Dataset content:
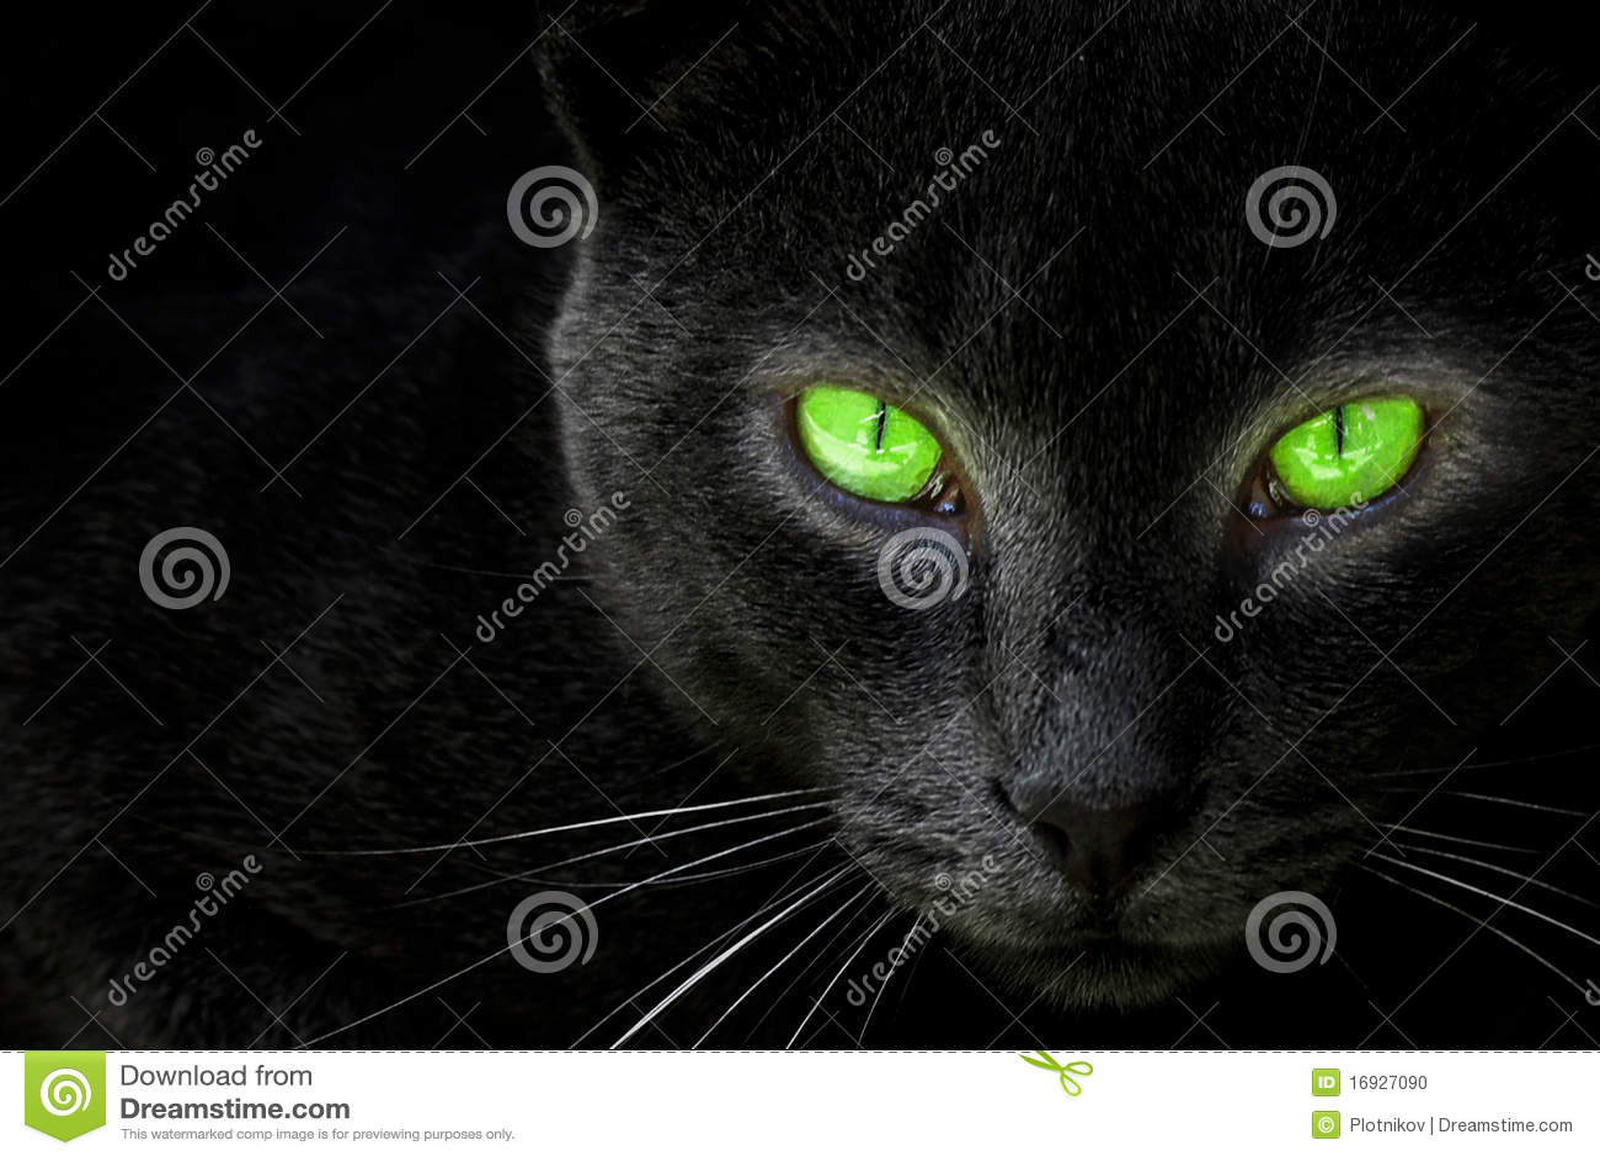 Black cat look in an lens.
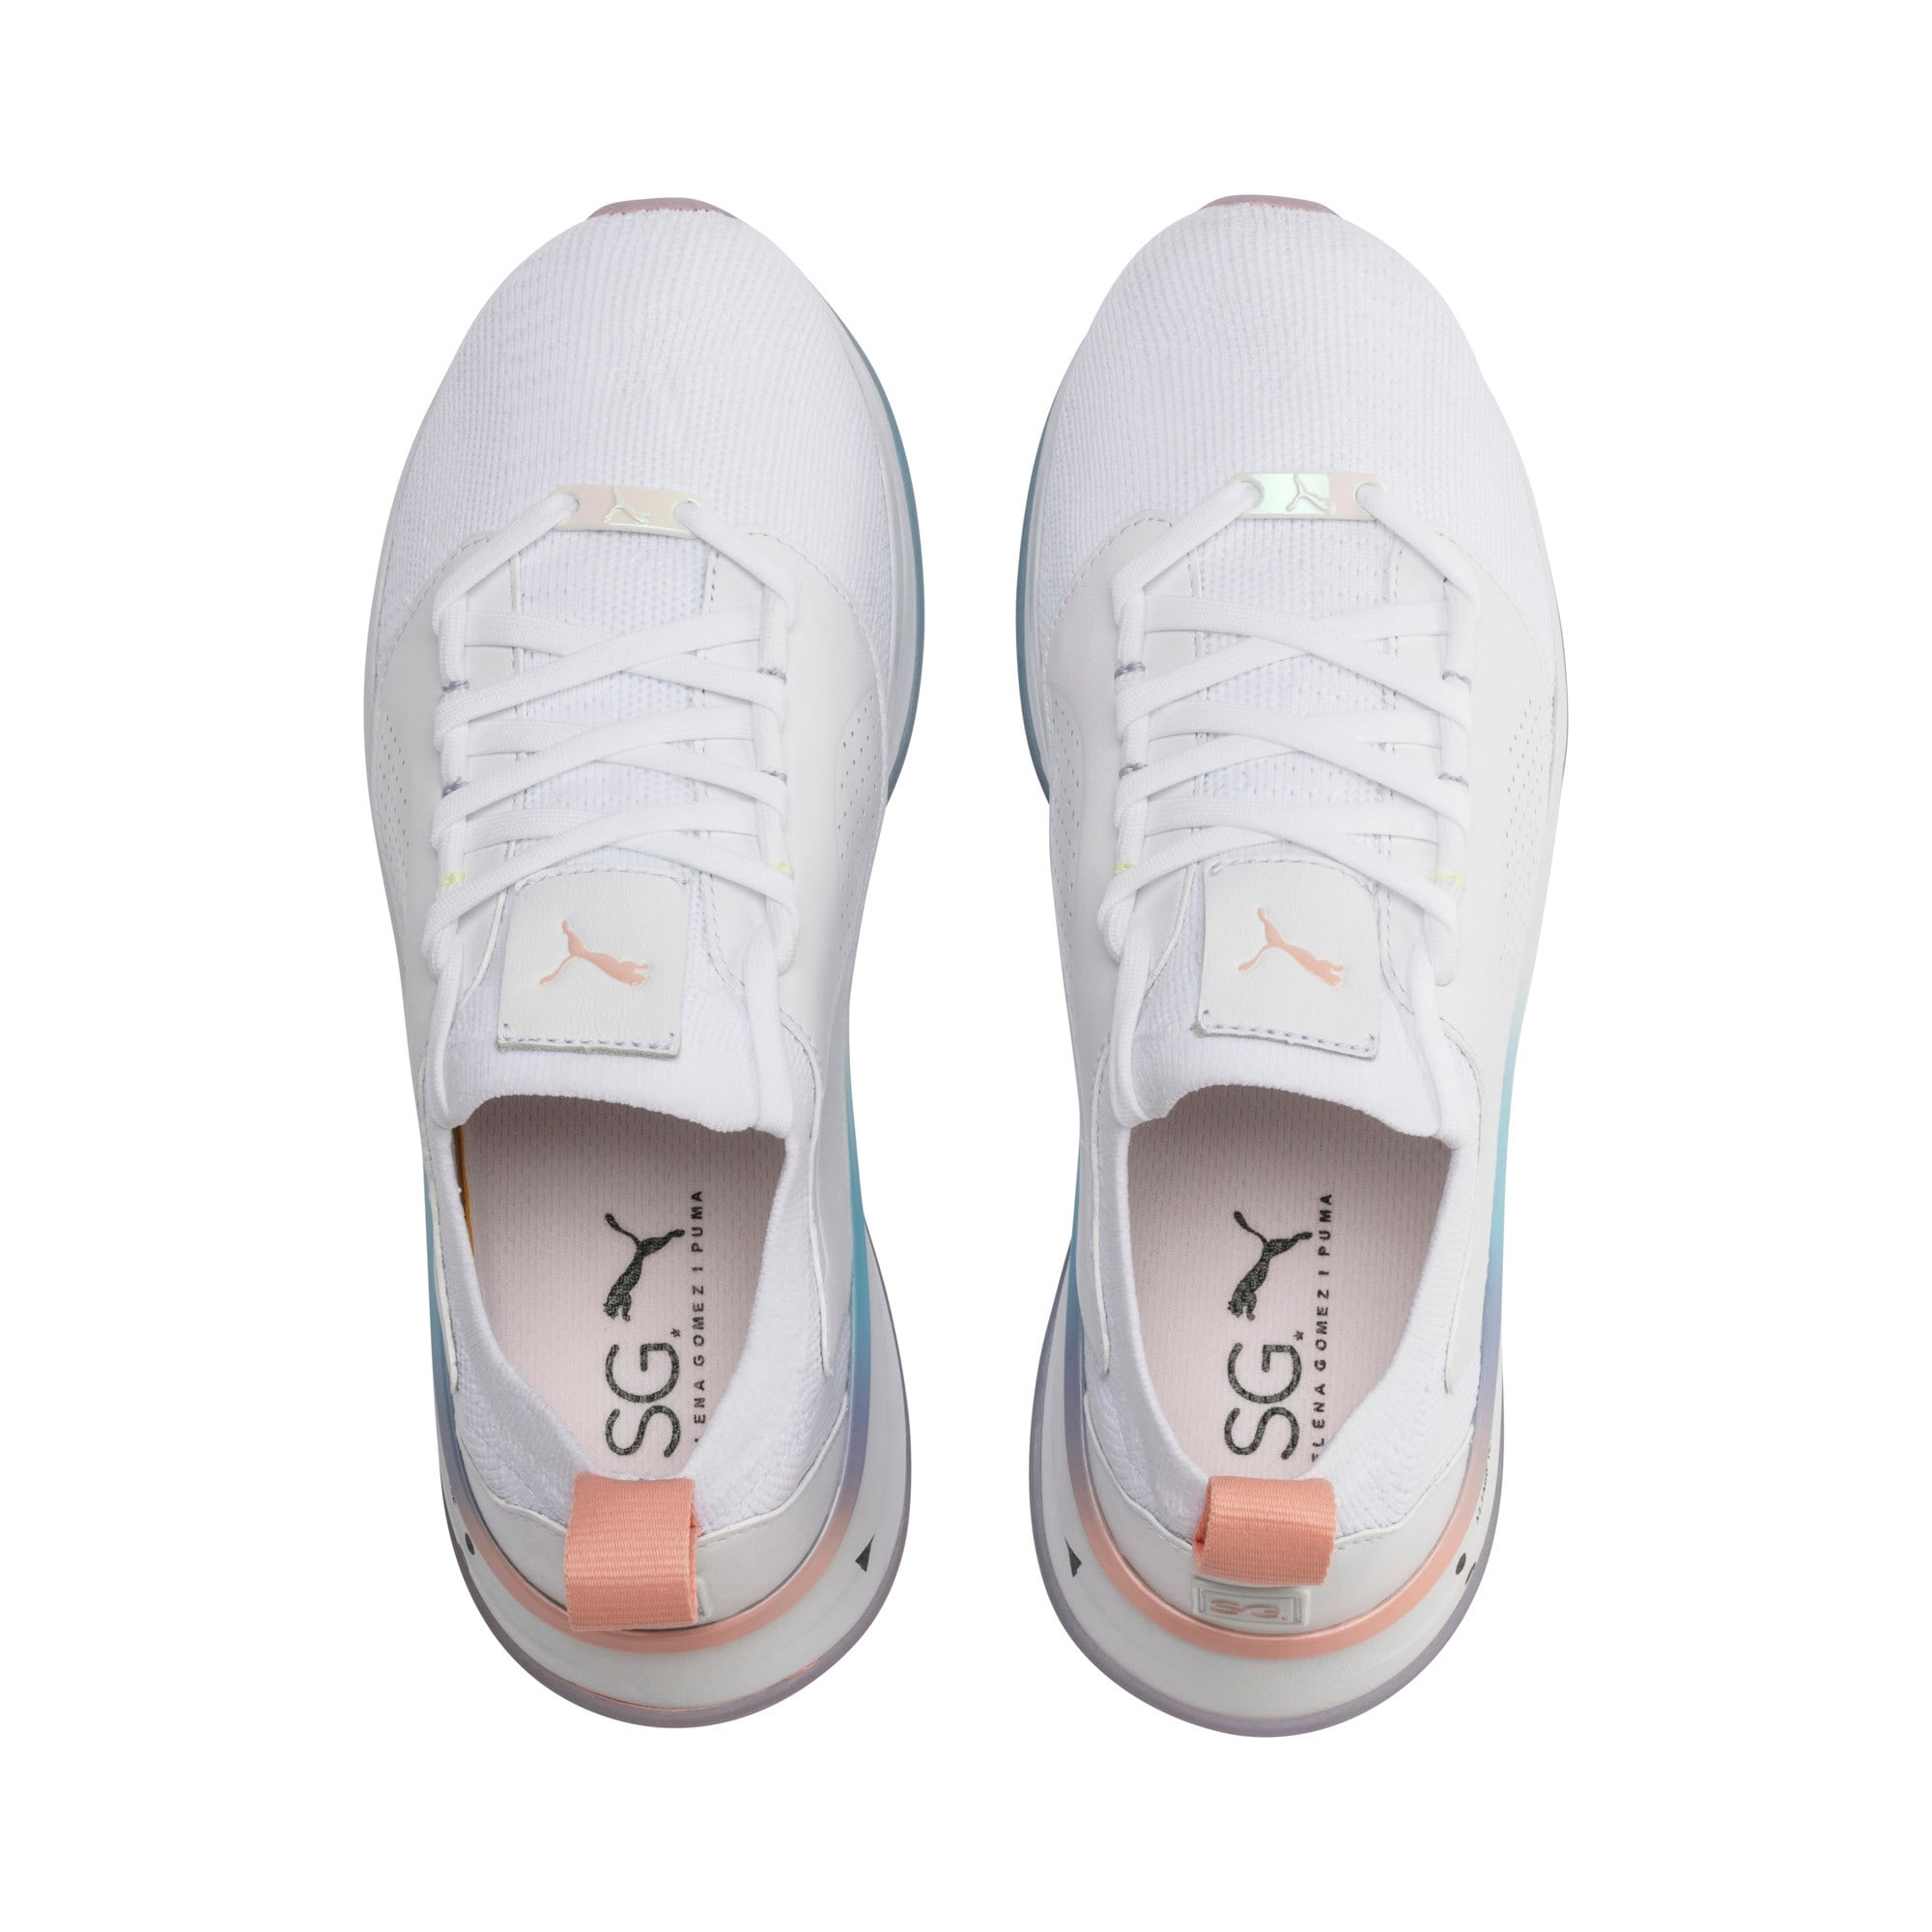 Thumbnail 7 of PUMA x SELENA GOMEZ Runner Women's Training Shoes, Puma White-Peach Bud, medium
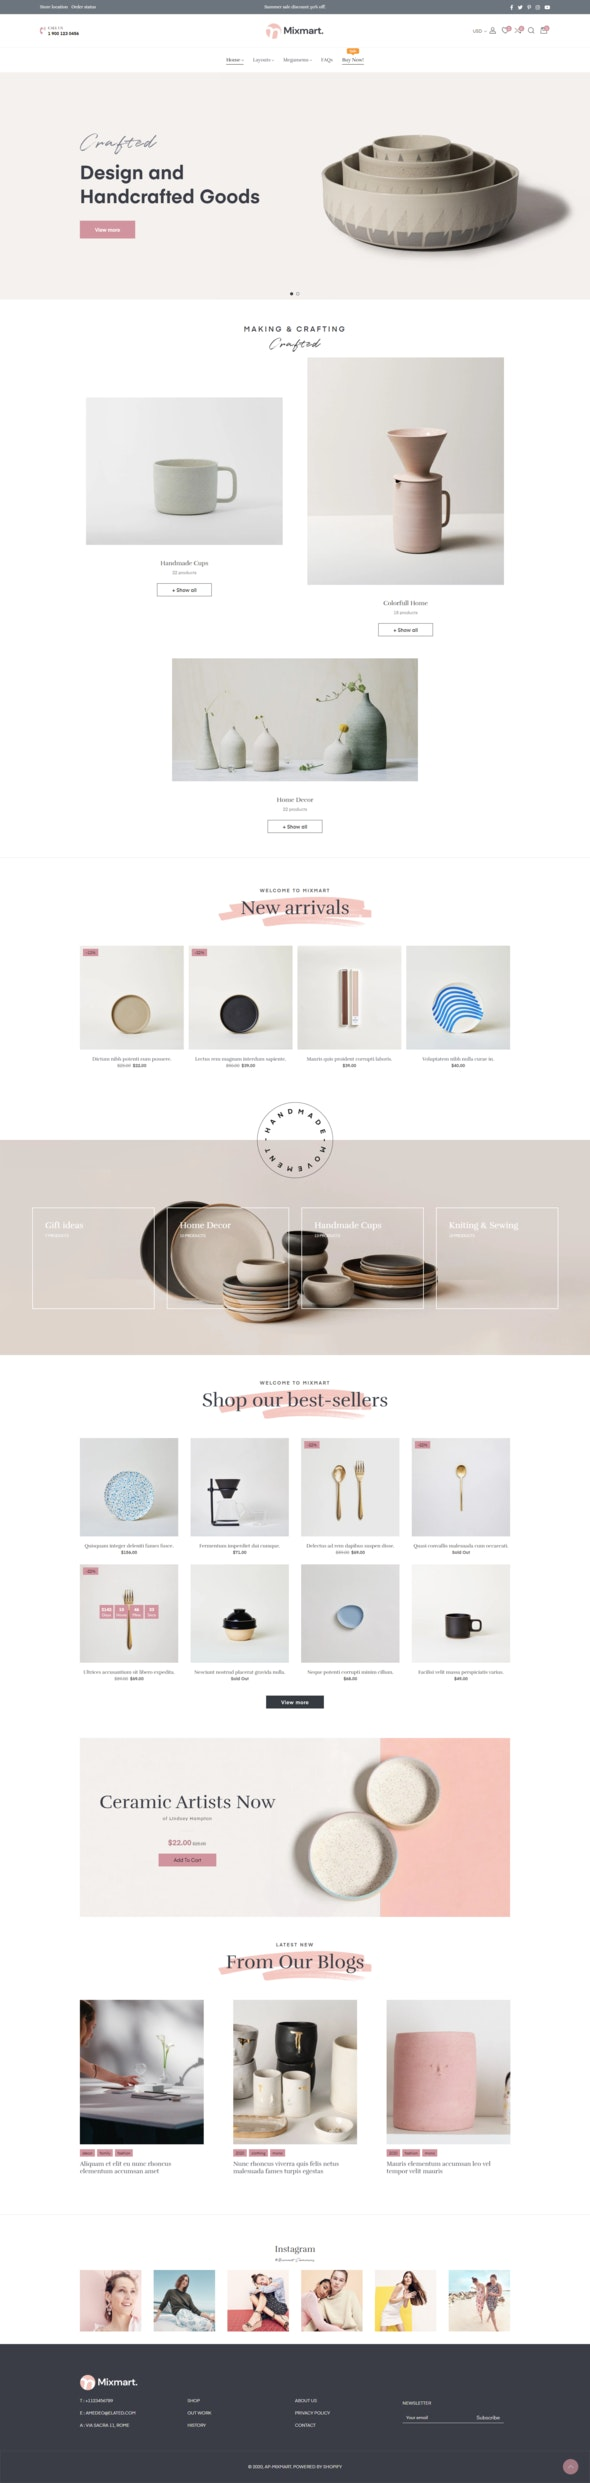 Ap Mixmart - Handmade Shopify Theme - Shopify eCommerce

Task instructions: Give the data above again in full and unchanged, skipping the pictures.

Written response:
 Black cat look in an lens.
 Thumbnail 7 of PUMA x SELENA GOMEZ Runner Women's Training Shoes, Puma White-Peach Bud, medium
 Ap Mixmart - Handmade Shopify Theme - Shopify eCommerce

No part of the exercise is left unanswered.